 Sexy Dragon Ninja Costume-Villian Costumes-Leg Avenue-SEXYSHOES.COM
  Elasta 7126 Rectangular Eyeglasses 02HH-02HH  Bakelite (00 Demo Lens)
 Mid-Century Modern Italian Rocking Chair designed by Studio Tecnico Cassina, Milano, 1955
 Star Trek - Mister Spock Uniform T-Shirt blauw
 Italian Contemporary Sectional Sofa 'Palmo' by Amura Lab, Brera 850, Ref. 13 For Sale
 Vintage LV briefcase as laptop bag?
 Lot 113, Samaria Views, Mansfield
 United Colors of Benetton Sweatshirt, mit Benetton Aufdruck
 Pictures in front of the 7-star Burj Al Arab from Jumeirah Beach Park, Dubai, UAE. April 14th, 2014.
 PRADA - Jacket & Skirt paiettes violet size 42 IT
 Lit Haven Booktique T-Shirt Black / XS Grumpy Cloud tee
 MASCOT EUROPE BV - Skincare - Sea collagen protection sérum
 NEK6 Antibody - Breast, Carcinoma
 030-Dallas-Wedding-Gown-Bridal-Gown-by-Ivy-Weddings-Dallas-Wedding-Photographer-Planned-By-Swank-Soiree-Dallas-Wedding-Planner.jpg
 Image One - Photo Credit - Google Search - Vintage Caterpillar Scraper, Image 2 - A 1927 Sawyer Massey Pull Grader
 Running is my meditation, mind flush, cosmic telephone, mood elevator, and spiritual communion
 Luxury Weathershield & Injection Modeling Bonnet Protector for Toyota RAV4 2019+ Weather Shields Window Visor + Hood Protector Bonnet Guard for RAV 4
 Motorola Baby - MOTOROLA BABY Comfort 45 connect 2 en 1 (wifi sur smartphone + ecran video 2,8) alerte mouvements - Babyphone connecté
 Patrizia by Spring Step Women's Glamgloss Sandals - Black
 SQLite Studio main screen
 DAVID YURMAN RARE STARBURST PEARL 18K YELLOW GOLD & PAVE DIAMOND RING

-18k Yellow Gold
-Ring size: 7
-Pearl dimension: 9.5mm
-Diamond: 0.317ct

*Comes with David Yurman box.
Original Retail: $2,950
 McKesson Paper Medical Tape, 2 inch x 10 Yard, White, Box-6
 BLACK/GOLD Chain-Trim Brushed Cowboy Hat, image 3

------------------------

**WORK TO COMPLETE**
Retype every entry word for word.

**WRITTEN ANSWER**
 Sexy Dragon Ninja Costume-Villian Costumes-Leg Avenue-SEXYSHOES.COM
  Elasta 7126 Rectangular Eyeglasses 02HH-02HH  Bakelite (00 Demo Lens)
 Mid-Century Modern Italian Rocking Chair designed by Studio Tecnico Cassina, Milano, 1955
 Star Trek - Mister Spock Uniform T-Shirt blauw
 Italian Contemporary Sectional Sofa 'Palmo' by Amura Lab, Brera 850, Ref. 13 For Sale
 Vintage LV briefcase as laptop bag?
 Lot 113, Samaria Views, Mansfield
 United Colors of Benetton Sweatshirt, mit Benetton Aufdruck
 Pictures in front of the 7-star Burj Al Arab from Jumeirah Beach Park, Dubai, UAE. April 14th, 2014.
 PRADA - Jacket & Skirt paiettes violet size 42 IT
 Lit Haven Booktique T-Shirt Black / XS Grumpy Cloud tee
 MASCOT EUROPE BV - Skincare - Sea collagen protection sérum
 NEK6 Antibody - Breast, Carcinoma
 030-Dallas-Wedding-Gown-Bridal-Gown-by-Ivy-Weddings-Dallas-Wedding-Photographer-Planned-By-Swank-Soiree-Dallas-Wedding-Planner.jpg
 Image One - Photo Credit - Google Search - Vintage Caterpillar Scraper, Image 2 - A 1927 Sawyer Massey Pull Grader
 Running is my meditation, mind flush, cosmic telephone, mood elevator, and spiritual communion
 Luxury Weathershield & Injection Modeling Bonnet Protector for Toyota RAV4 2019+ Weather Shields Window Visor + Hood Protector Bonnet Guard for RAV 4
 Motorola Baby - MOTOROLA BABY Comfort 45 connect 2 en 1 (wifi sur smartphone + ecran video 2,8) alerte mouvements - Babyphone connecté
 Patrizia by Spring Step Women's Glamgloss Sandals - Black
 SQLite Studio main screen
 DAVID YURMAN RARE STARBURST PEARL 18K YELLOW GOLD & PAVE DIAMOND RING

-18k Yellow Gold
-Ring size: 7
-Pearl dimension: 9.5mm
-Diamond: 0.317ct

*Comes with David Yurman box.
Original Retail: $2,950
 McKesson Paper Medical Tape, 2 inch x 10 Yard, White, Box-6
 BLACK/GOLD Chain-Trim Brushed Cowboy Hat, image 3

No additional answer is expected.